Отец довольно прищуривается и предвкушающе растягивает тонкие губы в язвительной улыбке, не спеша стряхивая пепел на пол веранды и не обращая рассеянного внимания на стоящую рядом на деревянном столе для пикников пепельницу. Больше всего в своей жизни он любил две вещи: искусство фотографии и от души смеяться над матерью Александра. То есть сначала он, конечно, просто от души любил его мать. Все классически изменилось после их развода.
— Па, — Саша делает усилие, чтобы расцепить плотно сомкнутые от скрываемого стыда и боязни реакции отца зубы. — Мне нужны деньги. Мама с Константином копят
на будущего ребенка…
Не потерявшие с возрастом своей самобытной красоты черты лица Алексея на секунду бледнеют, но он мгновенно берет себя в руки и, перебив сына, натянуто хохочет:
— Подожди-подожди, как ты сказал? Вавилов и Наташа копят на будущего ребенка? Как на новую кровать, что ли? Саша краснеет. Кажется, и в тридцать лет он все так же будет делать вид, что аспекта интима в жизни не существует — и прежде всего в жизни его родителей.

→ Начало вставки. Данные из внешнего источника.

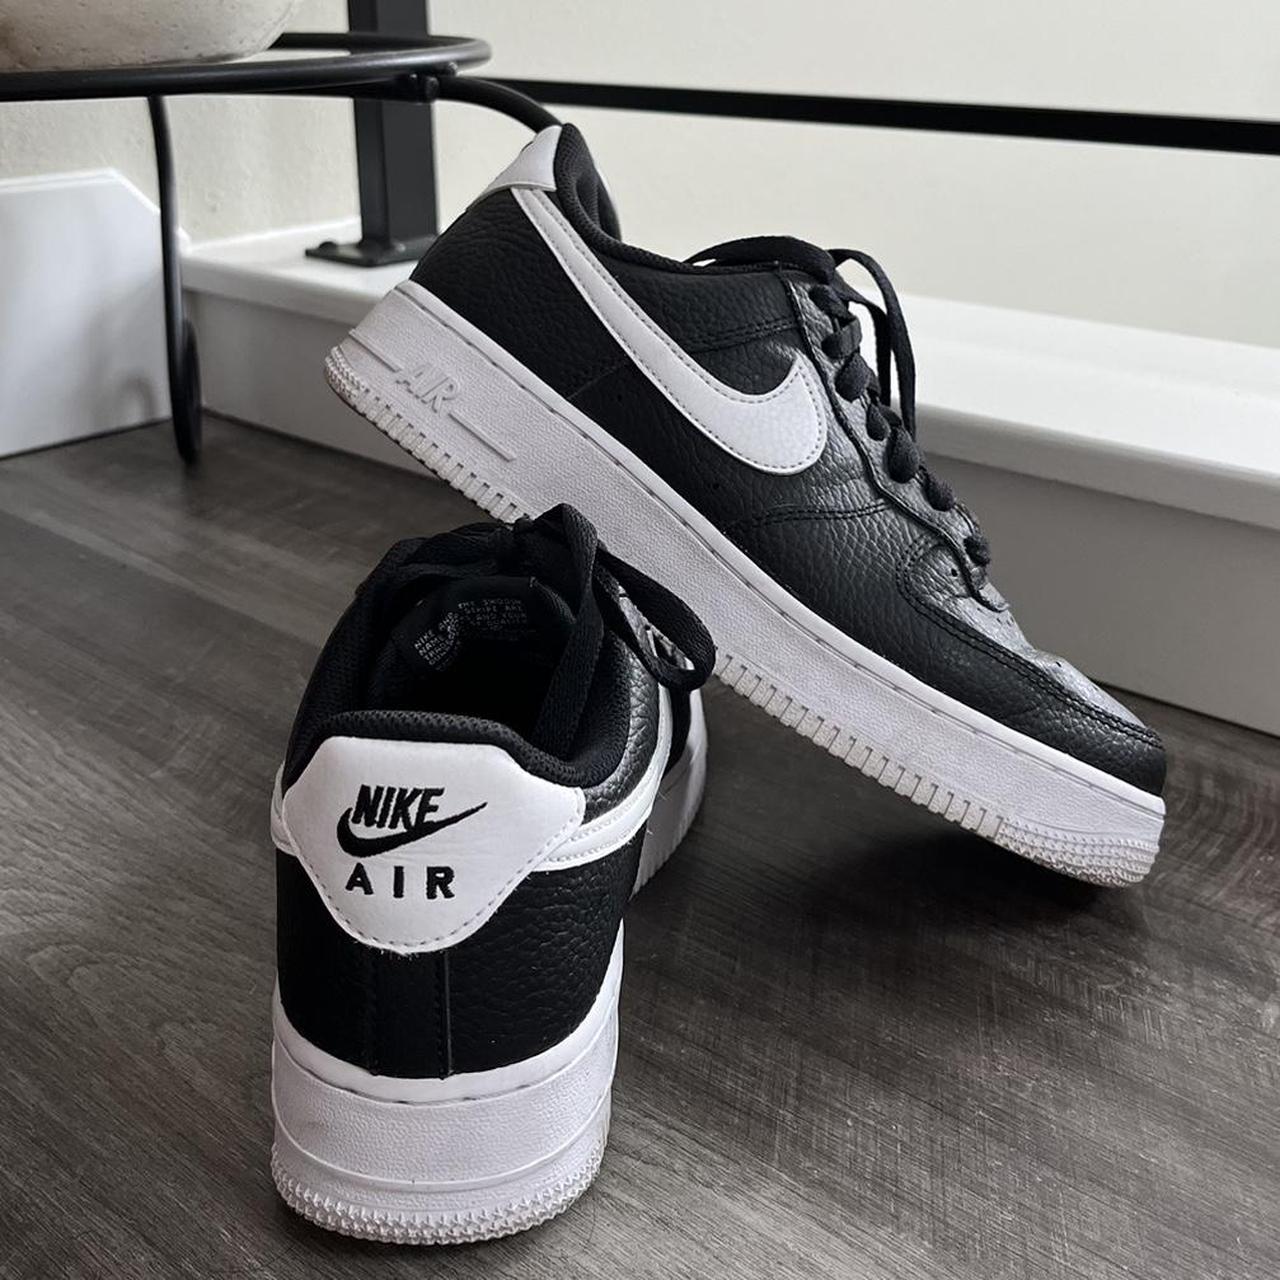 Nike Air Force 1 Lows These are Men's size US6.5!... - Depop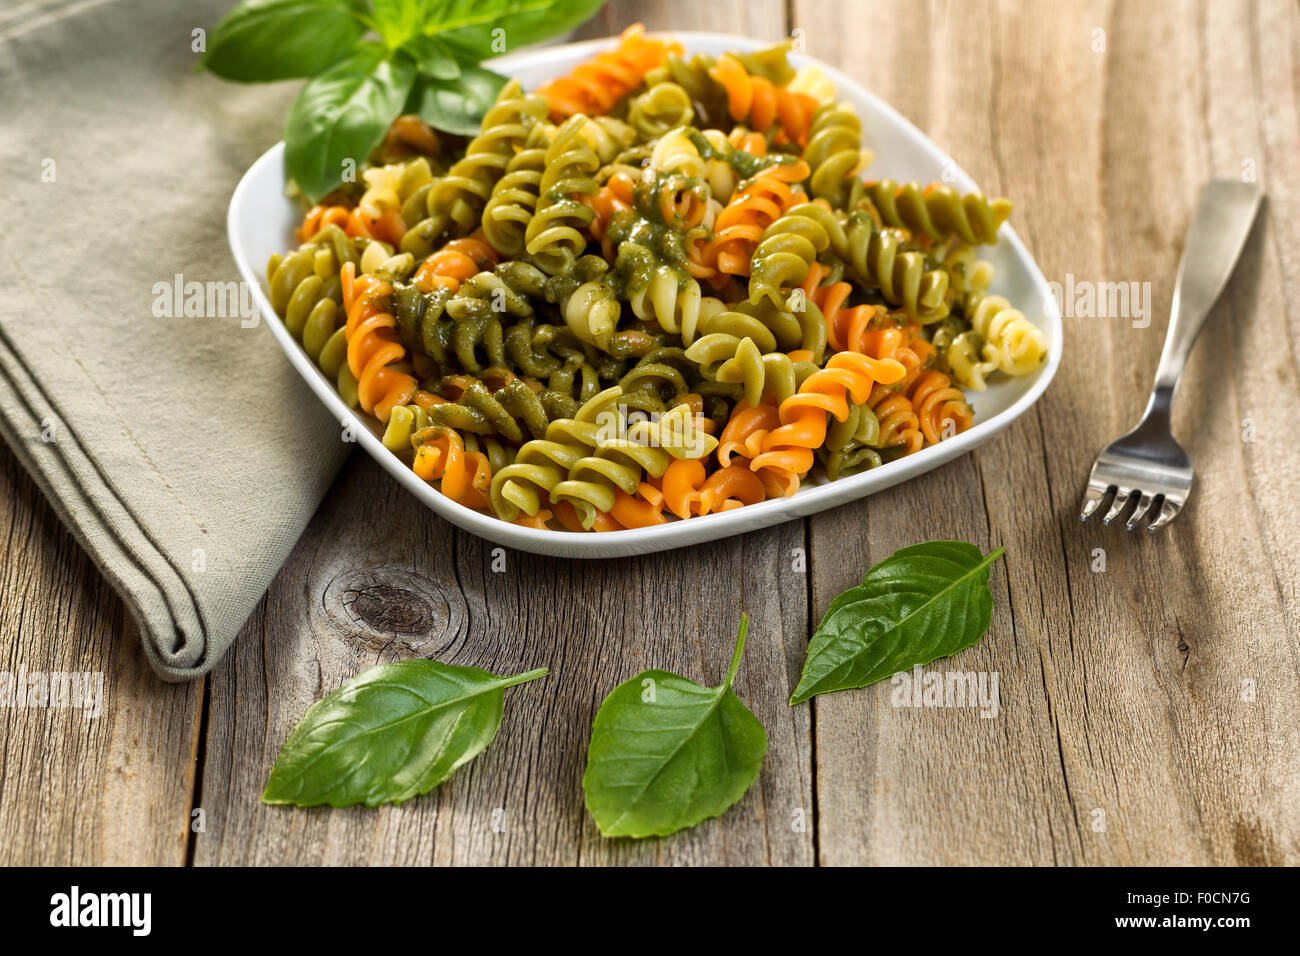 Fresh pasta with and fusilli noodles and basil pesto, selective focus on front part of dish. Stock Photo

— Па, ну хватит ломать комедию. Мне нужны деньги. Мне скоро поступать в университет, и вся подобная взрослая… суета. Маме рожать через шесть месяцев. Константин потерял работу. Она и без того вынуждена пахать в театре до крайних сроков, а ты знаешь, как там относятся к актрисам. Как…
— К вещи, — понимающе кивает отец. — Твоя мать часто так говорит. — Он прикусывает внутреннюю сторону щеки: — Говорила.
Молчание. Воздух хоть ножом режь. Саша давно уже находил симбиоз любви отца к осмеянию бывшей жены и волнения при упоминании ее стандартной счастливой жизни
весьма причудливым.
— Так что мне делать, па?
— Идти в бордель, очевидно, — серьезно заключает отец и, наконец, вжимает окурок в неуклюжую глиняную пепельницу. — Только имей в виду, что отказов там
не принимают.
Саша, тяж ело выдохнув, прижимает ладони к бледному лицу.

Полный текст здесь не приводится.